在开始协商时, 对于客户端发来的数据包, 先要确定是哪个连接的, 然后根据连接查找相关的密钥,
因为密钥文件中不带连接信息, 而是连接双方的ID, 所以需要根据连接信息再查找合适的密钥。

// 以下是读取共享密钥和RSA密钥函数, 函数都比较简单, 主体都是调用get_secret()函数
/* check the existence of an RSA private key matching an RSA public
 * key contained in an X.509 or OpenPGP certificate
 */
const chunk_t *
get_preshared_secret(const struct connection *c)
{
// 最后一个参数是FALSE
    const struct secret *s = get_secret(c, PPK_PSK, FALSE);
#ifdef DEBUG
    DBG(DBG_PRIVATE,
 if (s == NULL)
     DBG_log("no Preshared Key Found");
 else
     DBG_dump_chunk("Preshared Key", s->u.preshared_secret);
 );
#endif
    return s == NULL? NULL : &s->u.preshared_secret;
}

/* find the appropriate RSA private key (see get_secret).

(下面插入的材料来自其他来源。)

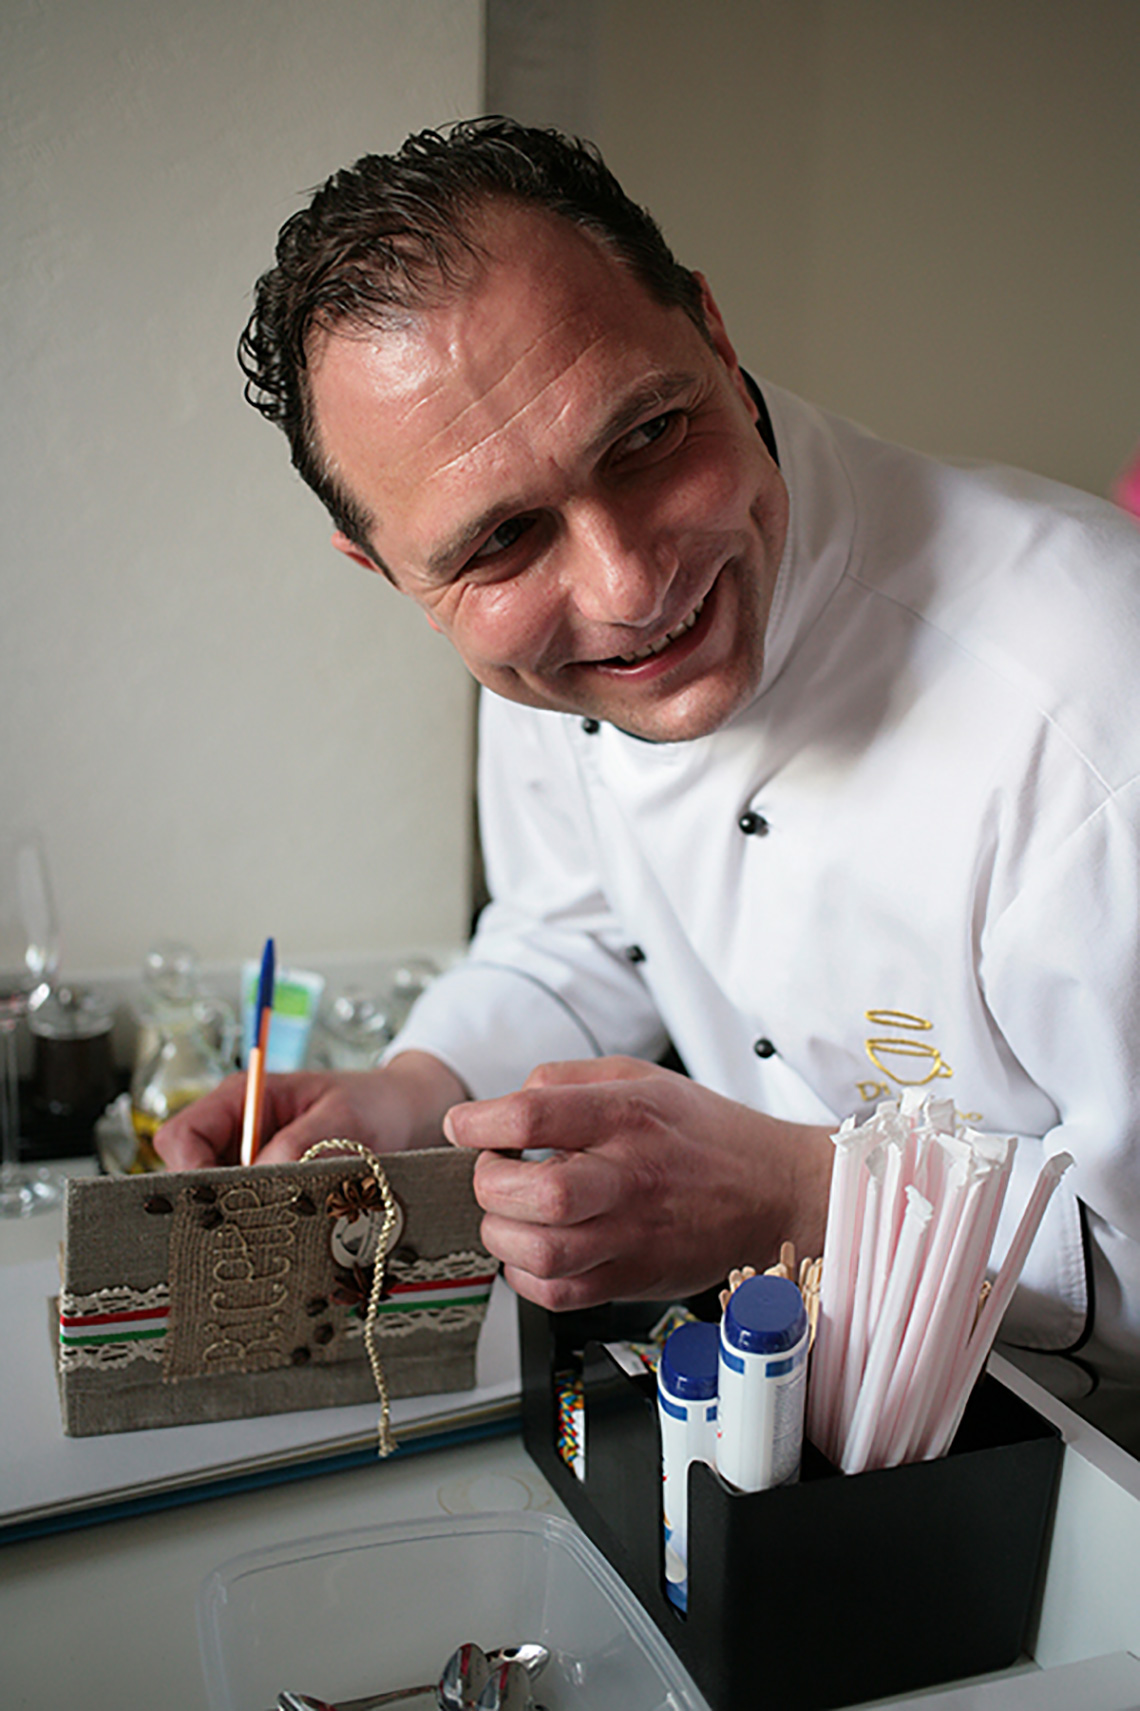 Шеф-повар подписывает подарки участникам. Кулинарные традиции Северной Италии

 * Failure is indicated by a NULL pointer.
 */
const struct RSA_private_key *
get_RSA_private_key(const struct connection *c)
{
// 最后一个参数是TRUE
    const struct secret *s = get_secret(c, PPK_RSA, TRUE);
#ifdef DEBUG
    DBG(DBG_PRIVATE,
 if (s == NULL)
     DBG_log("no RSA key Found");
 else
     DBG_log("rsa key %s found", s->u.RSA_private_key.pub.keyid);
 );
#endif
    return s == NULL? NULL : &s->u.RSA_private_key;
}
 
// 获取密钥基本函数
/* find the struct secret associated with the combination of
 * me and the peer.  We match the Id (if none, the IP address).
 * Failure is indicated by a NULL.
 */
// 参数为: 连接, 密钥类型, 是否是非对称密钥(RSA是非对称的, PSK是对称的)

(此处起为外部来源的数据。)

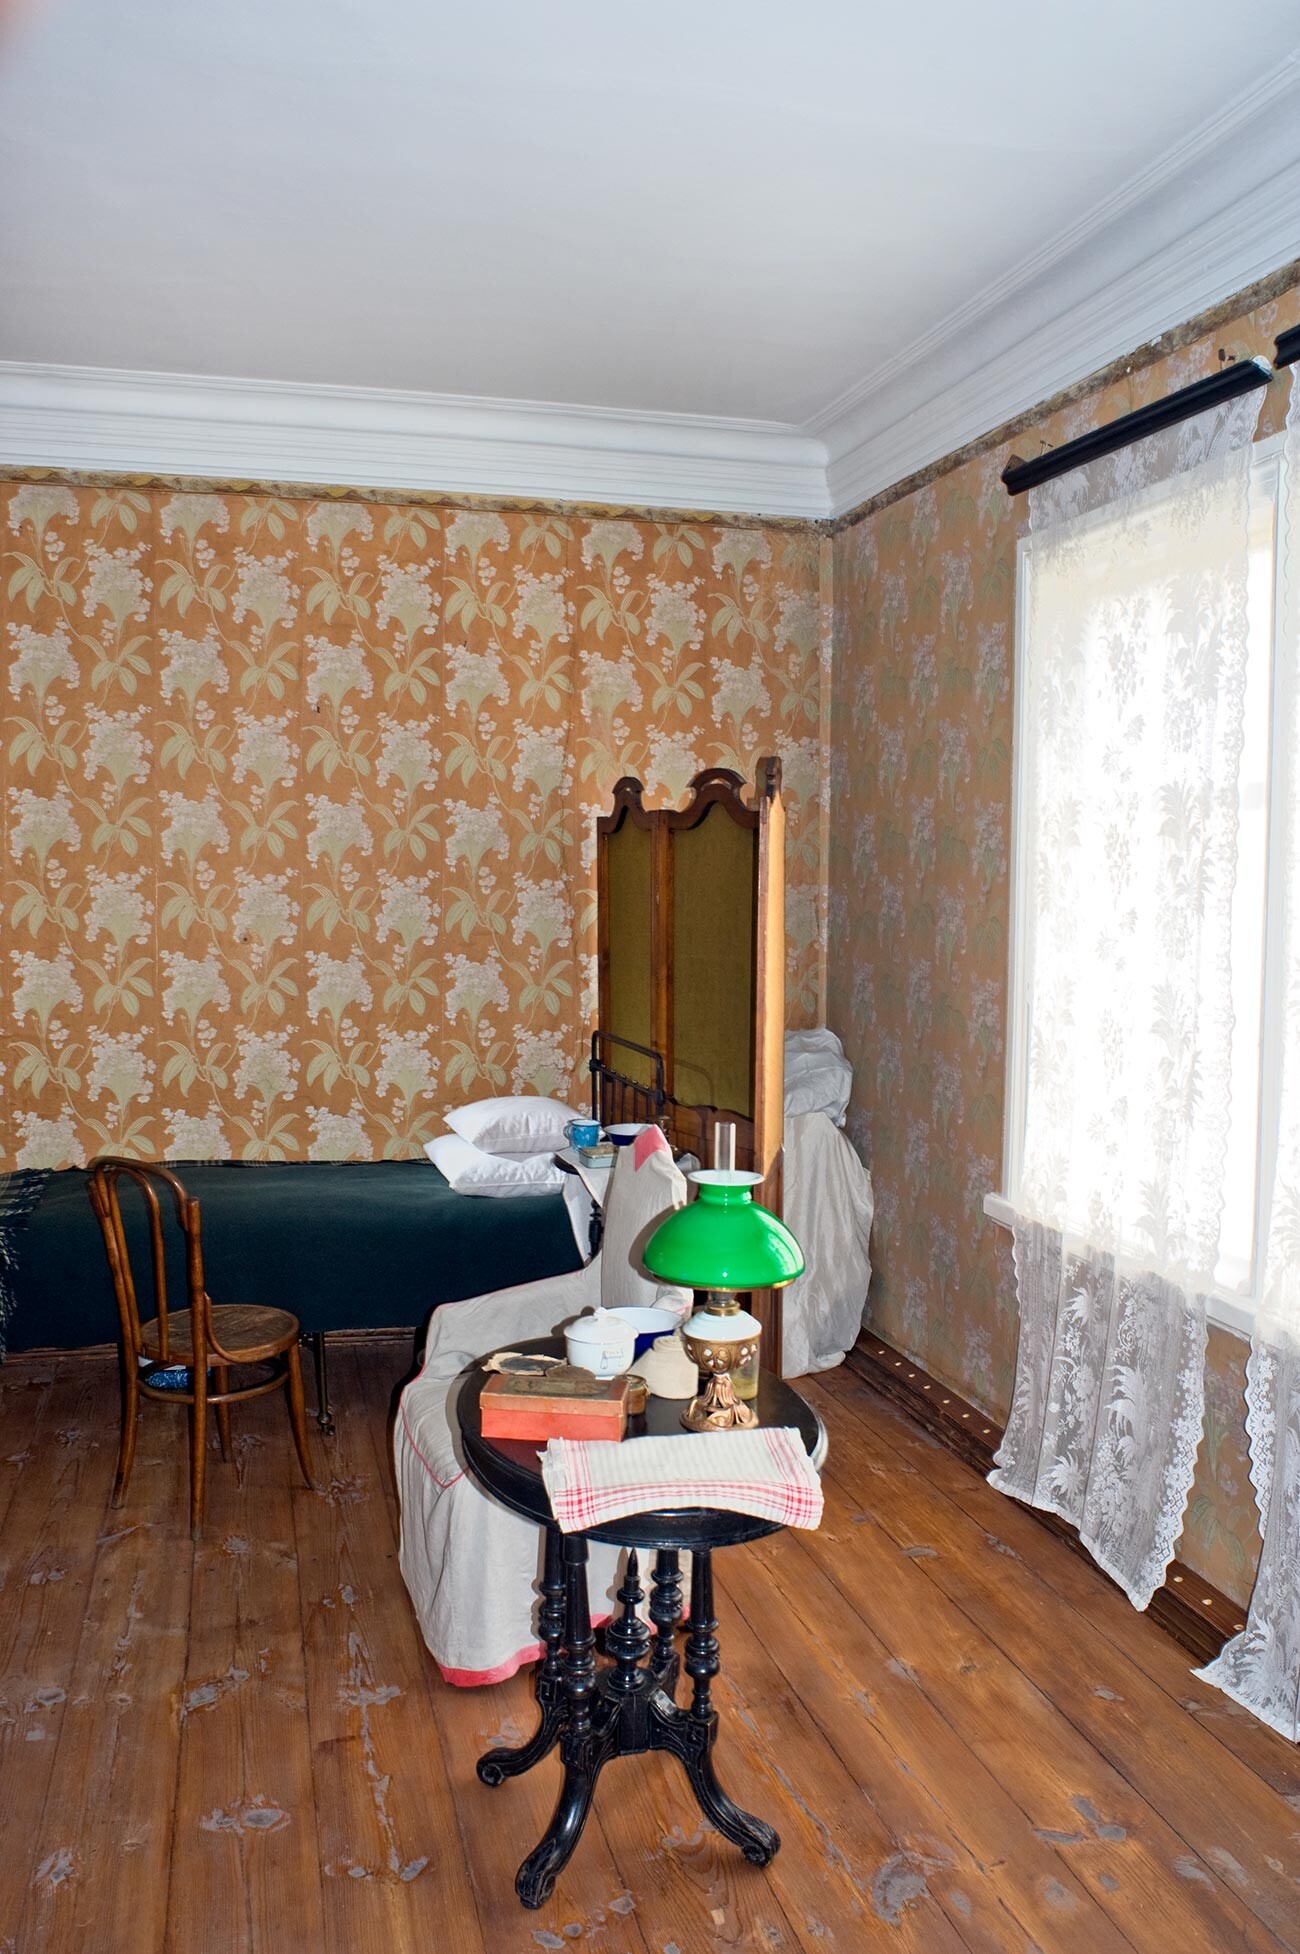 Casa del jefe de estación, interior. Vista desde la entrada principal de la habitación donde yacía Tolstói. A la derecha: ventana por la que miraba su esposa Sofía desde el exterior. 10 de agosto de 2013.

static const struct secret *
get_secret(const struct connection *c, enum PrivateKeyKind kind, bool asym)
{
    enum { /* bits */
 match_default = 01,
 match_him = 02,
 match_me = 04
    };
    unsigned char idstr1[IDTOA_BUF], idme[IDTOA_BUF]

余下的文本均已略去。